Sa réaction est identique à celle de Sara, mais elle contraste avec Genèse 15,6 où le texte affirme qu’Abraham « eut foi dans le Seigneur ».
Le nom d’Isaac qui signifie « celui qui fait rire » leur rappellera, chaque fois qu’Abraham et Sara le prononceront, leur première réaction de manque de confiance. Mais ce nom exprime aussi la joie. Le nom d’Isaac rappelle ainsi le fait que Dieu tient parole malgré les impossibilités humaines et malgré l’incrédulité que cette parole suscite.
A propos de la promesse d’une descendance, le doute amène Abraham à identifier le fils promis à Ismaël. Ismaël pourrait « vivre en ta présence » ce qui signifie : sous la bienveillance et la protection de Dieu. Mais Ismaël est le fils d’Abraham et d’Hagar (la servante de Sara). Or la promesse du fils s’adresse autant à Sara qu’à Abraham.
Ismaël n’est pas pour autant oublié par Dieu : tous les enfants d’Abraham vont hériter. Le verset 20 débute avec un jeu de mots sur le nom de « Ismaël » (= « Dieu entend » en hébreu) et « je t’ai entendu ». Ismaël aussi sera béni, comme Dieu l’avait promis par son messager à sa mère Hagar (Genèse 16,10).
Ismaël suscitera non des « rois » (Genèse 17,6 et 16) à la tête de royaumes, mais des « princes », qui sont des chefs de fédérations de tribus, au nombre de « douze », le chiffre symbolique pour l’ensemble. Ismaël est ainsi l’ancêtre des tribus arabes. Dieu maintient sa promesse commune aux deux : Ismaël et Isaac, mais il établit son « alliance » avec Isaac.
Conformément au verset 12, Abraham procède « le jour même » (Genèse 17,23) à la circoncision d’Ismaël et des mâles de la maisonnée. Il se circoncit aussi lui-même bien que l’ordre ne lui en ait pas été expressément donné.
Le chapitre 17 de la Genèse raconte une relation de proximité entre Dieu et l’être humain.
Dès les premières lignes du livre de la Genèse, Dieu apparaît comme un dieu qui parle et qui est maître de l’univers, un « dieu des cieux et de la terre » (Genèse 1,1-4).

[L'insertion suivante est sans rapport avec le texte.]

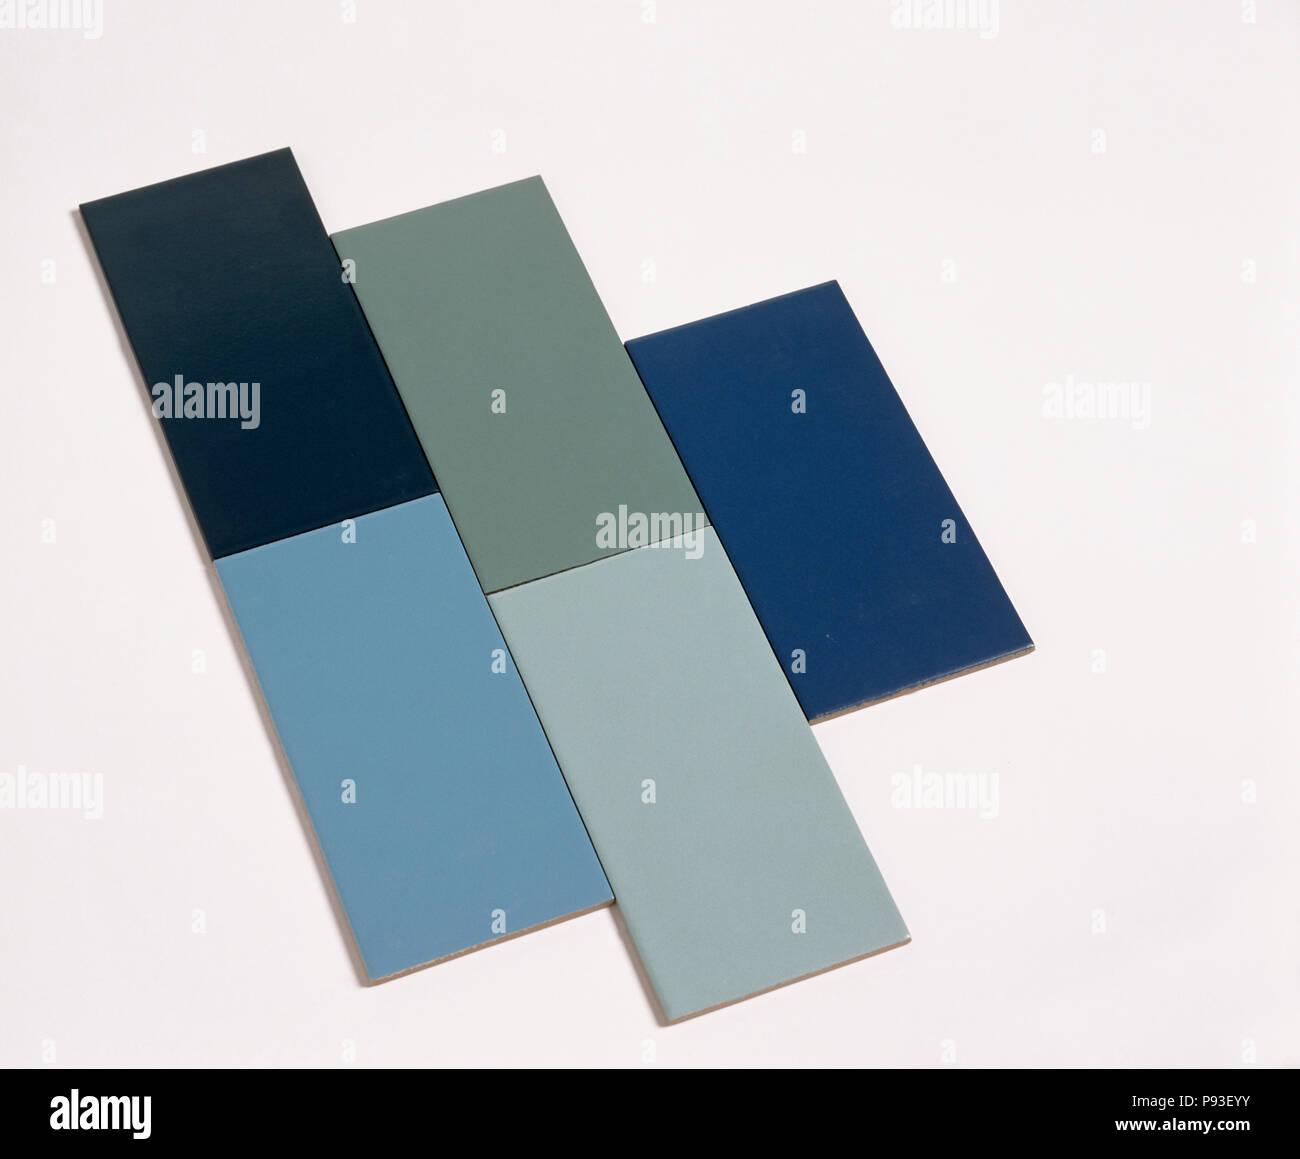 Close Up Of Dark Blue And Green Rectangular Ceramic Tiles Stock

Le verbe « achever » se trouve également tout au début de la Genèse :
Genèse 2,1-2 Le ciel, la terre et tous leurs éléments furent achevés. Dieu acheva au septième jour l’œuvre qu’il avait faite.
L’utilisation du même mot pour une action de création de l’univers et un « simple » dialogue avec sa créature exprime la conviction d’un dieu qui s’occupe à la fois des « grandes choses de l’univers » mais aussi de la relation quasi intime avec l’être humain.